Supplementing the human input. AI is a useful tool for operators regardless of their experience. By automating key process inputs, operators can focus on the mill’s primary quality and production objectives. Additionally, using a periodic-lab measurement with added human error to make machine control decisions induces unwanted variability into the papermaking process. Predictive analytics aid in eliminating variability introduced during quality testing.
Focus on quality. Customized algorithms allow AI-based autonomous control to drive quality to target. In another real-world example, the autonomous control algorithms of OPTIX adjusted the wet strength chemistry dosage up or down to ensure target adherence of the wet tensile quality parameter. This unprecedented, AI-driven autonomous control optimized wet tensile quality by reducing variation by 23 percent and increasing target adherence by 63 percent while avoiding off-quality production (Figure 3).
Figure 3. Histogram comparison of wet tensile quality before and after the implementation of AI-driven autonomous control.

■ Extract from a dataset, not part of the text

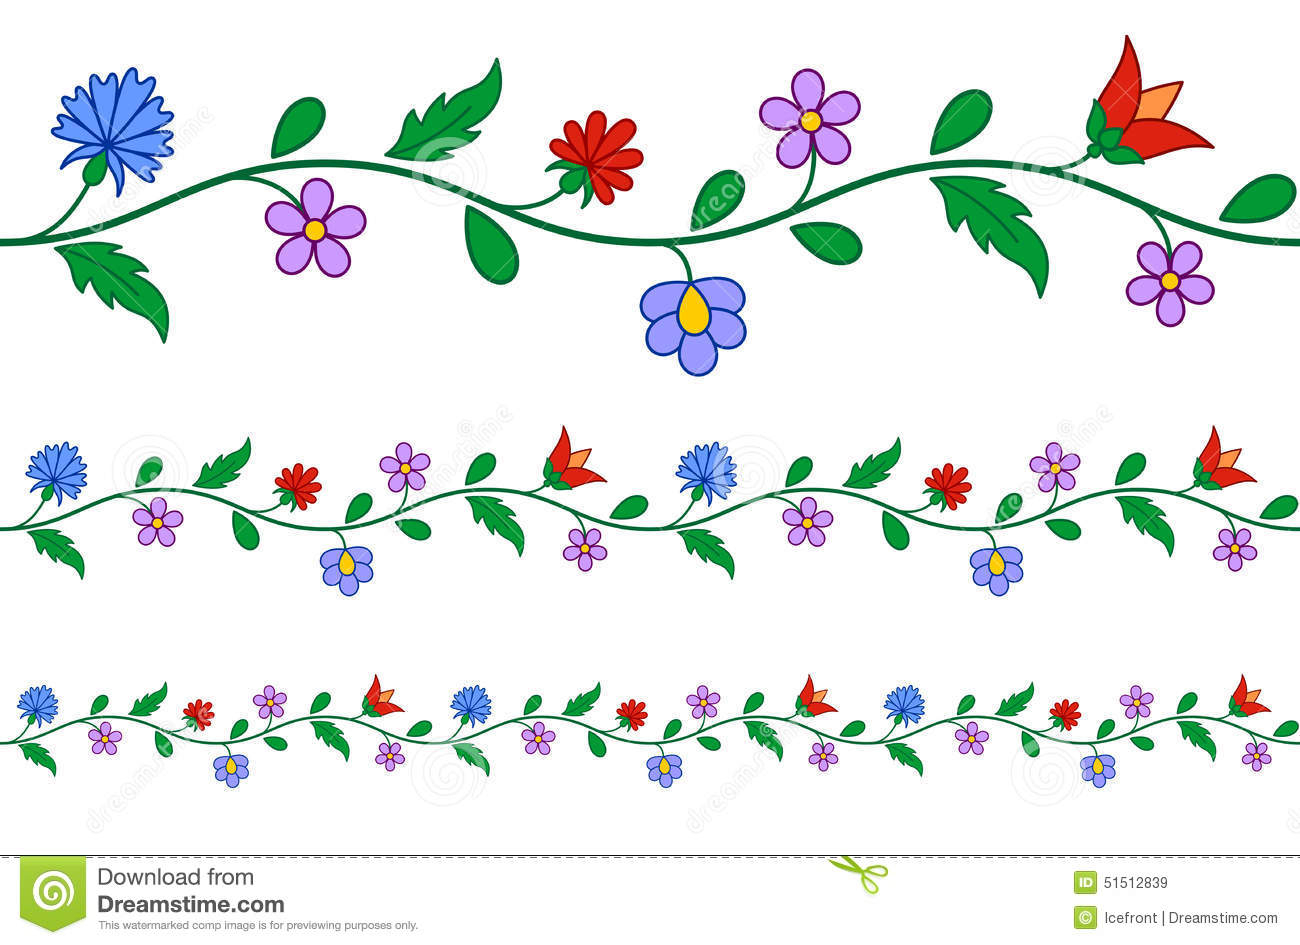 Hungarian Embroidery Patterns 18 Images Of Hungarian Leaf Template Unemeuf

AI-enabled solution for sustainability. Fusing human and artificial intelligence enables mills to tackle the toughest sustainability challenges. Specifically, autonomous control presents mill operators with the opportunity to consistently achieve sustainability goals while optimizing production inputs. In the case of fiber utilization, for example, allowing AI to make decisions about furnish mix allows for the most economical and sustainable fiber blend while incorporating recycled or off-quality paper.
Papermakers have demonstrated amazing resiliency over the last two decades, and the market has grown despite the growth of digital media, growing environmental concern and increased government regulations. According to some sources, the paper industry in the United States will grow from 63 billion dollars in 2019 to 79 billion dollars in 2024.
Manufacturers will need to adopt new technology, including Industry 4.0 technologies, to accommodate this growth. Predictive analytics and machine learning will be essential tools as papermakers continue to evolve. Mills using AI-driven autonomous control, such as OPTIX™ Applied Intelligence from Solenis, will be able to successfully optimize functional chemistry dosage and improve product quality without disrupting their operations.